By Henry Srebrnik, [Fredericton, NB] Daily Gleaner
The past few weeks have underscored the
troubled nature of
the Canadian state’s relationship to the more than 600
pre-contact ethnic
groups in the country.
Our academic, media, and political elites are
moving towards
defining Canada as a “settler-colonial” enterprise, one that
illegitimately
quashed the sovereign rights of the nationalities that inhabited
its space and largely
replaced and marginalized its indigenous populations with an
invasive settler
society.
To many indigenous people, we are in fact
genocidaires and
they consider Canadian law “Eurocentric.”
Many public events across the country now
begin with a
statement that we are gathered on “unceded” land belonging to
one or another
native people.
Are we going to conceive of Canada as a
“Rhodesia?” That was
the African country governed by the minority white settlers
until being
returned to native inhabitants through multi-racial democracy in
1980 as
Zimbabwe.
According to its website, the mandate of the
Crown-Indigenous Relations department is to “renew the
nation-to-nation,
Inuit-Crown, government-to-government relationship between
Canada and First
Nations, Inuit and Métis; [and] modernize Government of Canada
structures to
enable Indigenous peoples to build capacity and support their
vision of
self-determination.”
In their July 5, 2018 document, the
department stated that
the concept of an aboriginal nation in Canada refers to “a
sizeable body of
Aboriginal people with a shared sense of national identity that
constitutes the
predominant population in a certain territory or collection of
territories.”
There is much irony here. Although for the
“settler” state,
any form of ethnic nationalism is now considered anathema,
aboriginal entities
constitute ethnically-based homeland nations. As well, although
non-indigenous Canadians
are long past rule by unelected officials, we accede to
indigenous groups traditional
forms of governance, including a hereditary chiefly caste.
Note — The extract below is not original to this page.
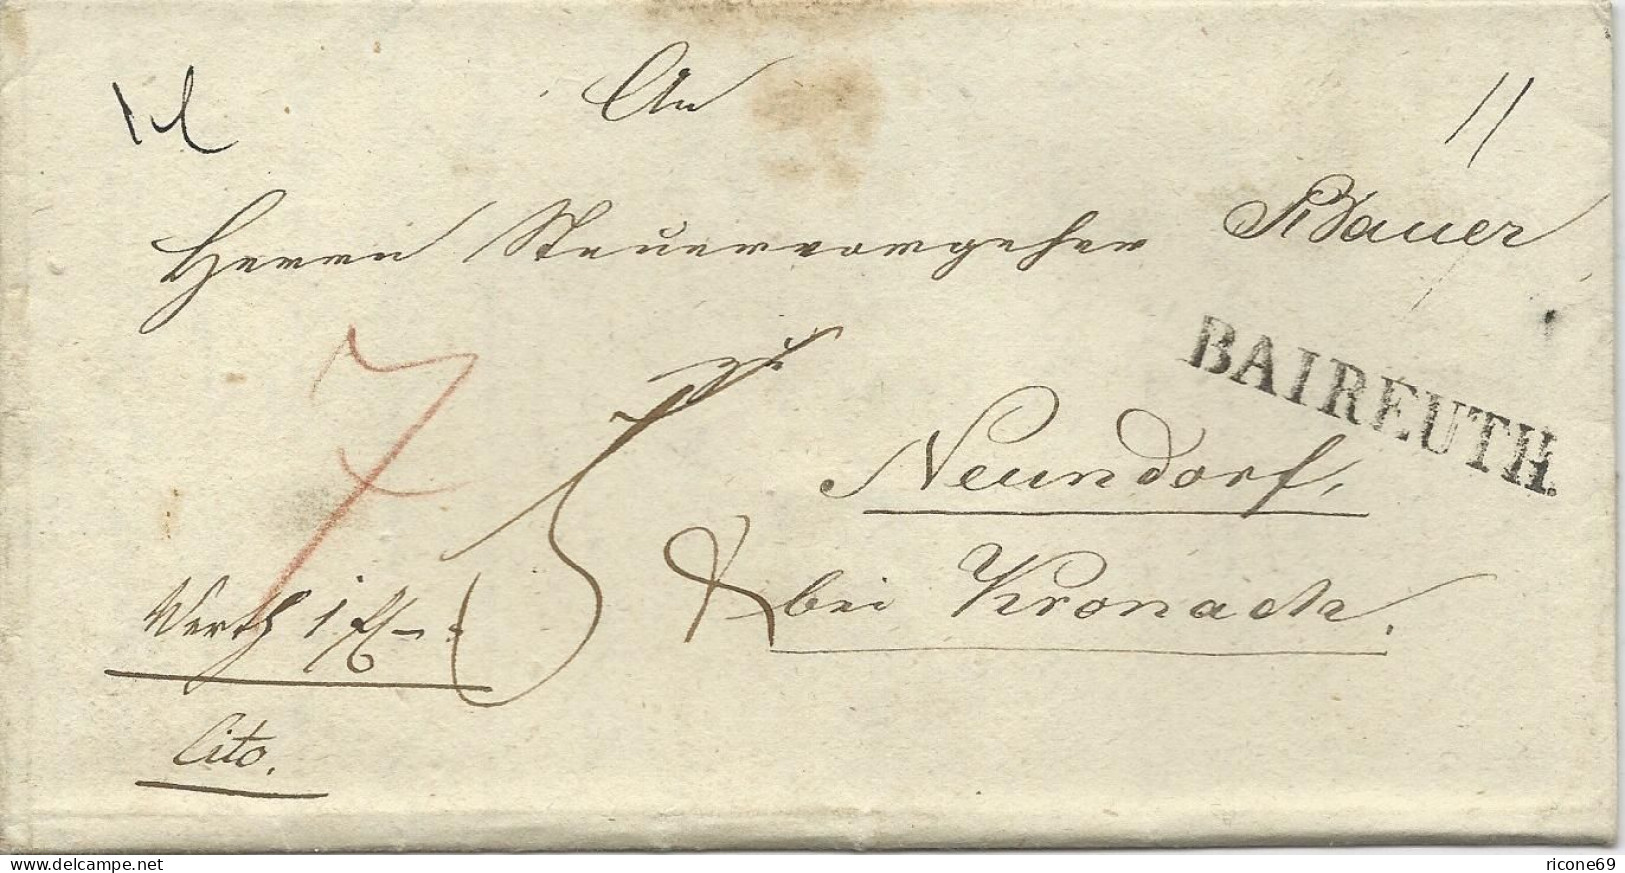 Bayern 1844, L1 Bayreuth Auf Wert Brief M Extra Botenlohn N. Neundorf. #1495 - Cartas & Documentos

Indigenous peoples are now engaged in a form
of irredentism
– the desire to regain territory
historically or ethnically
related to it but under the political control of another
jurisdiction.
Like irredentists everywhere, they seek to
reclaim and
occupy land that they consider to be a “lost” (or “unredeemed”)
territory unjustly
appropriated from them by force.
Examples around the world are numerous.
Armenians wishing to
expand into areas of Azerbaijan and Turkey formerly theirs;
Ireland’s desire to
reunify the island; Hungary trying to gain Hungarian-populated
areas in Romania,
Serbia, and Slovakia; Pakistan’s claim to Muslim-majority
Kashmir, and so
forth.
These are all ethnically or religiously-based
homeland
nations and they base their irredentist claims on that fact.
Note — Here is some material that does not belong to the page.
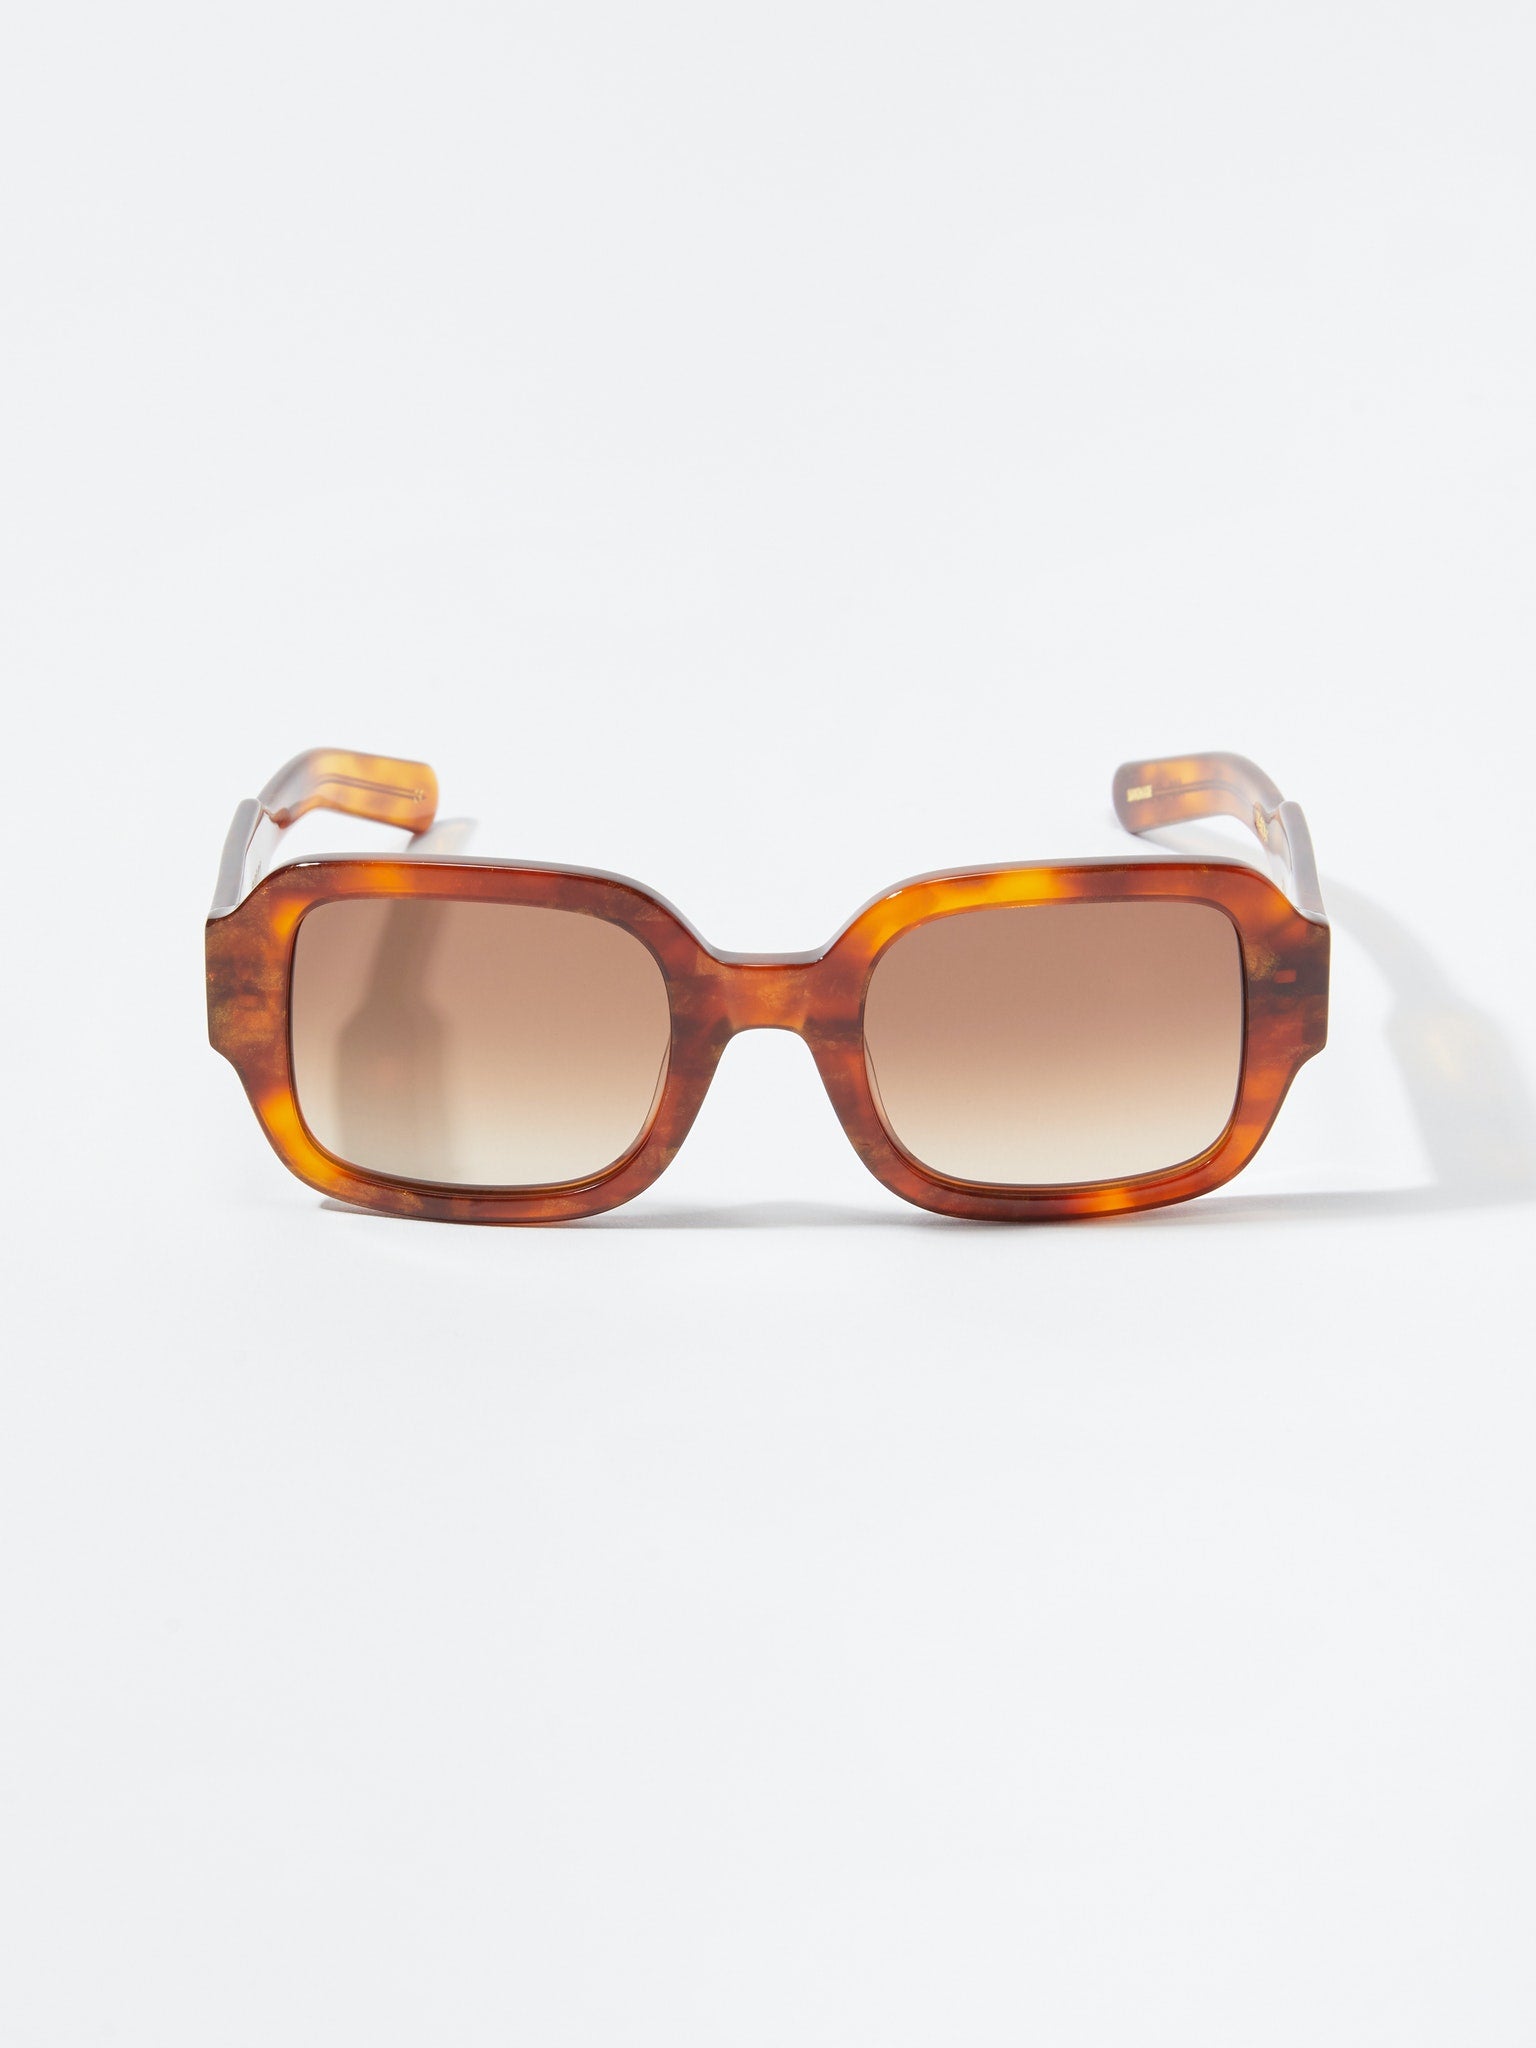 Flatlist + Tishkoff Square Sunglasses

In few instances do irredentists wish to
absorb the entirely
of another state. The only one that comes to mind is the
“maximalist”
Palestinian claim to all of Israel.
But ours is a similar case. Since every
indigenous nation on
the Canadian land mass can claim some part of the country’s
territory, what we
have is a “super-irredentism.”
You can easily find through Google numerous
maps outlining
the regions belonging to the various indigenous nations. And
since every last
square kilometre of this country is the homeland of one or
another indigenous
people, all of Canada becomes open to reclamation.
After
all, the United
Nations Declaration on the Rights of Indigenous Peoples (UNDRIP)
logically
flows from the recognition that indigenous governmental, legal,
and political
orders have existed from time immemorial, long predating the
arrival of
European settlers.
Justice Minister David Lametti and Crown-Indigenous Relations Minister Carolyn Bennett announced the government’s plan to chiefs gathered in Ottawa last December at the annual meeting of the Assembly of First Nations. “You are setting the path for decolonization and reconciliation,” remarked Bennett.
The only pushback has come from Quebec –
itself, of course,
an ethnic nation. The rest of Canada has no such national
cohesion.
Ottawa
is already dealing
with aboriginal peoples “nation to nation,” as though these were
summits between
equally sovereign jurisdictions.
Perhaps in retrospect they will be regarded
as such, the way
liberation movements in Africa and Asia negotiated for
independence with
European imperialists.
“Non-indigenous” Canada, as it continues down
this road, is
becoming a self-dissolving state. As genuine indigenous
self-determination comes
to pass, “settler” Canadians will in effect become squatters on
the sovereign territories
of the many nations that constitute pre-contact Canada.
This may not be as far-fetched as it sounds
today. After
all, world history is full of such change.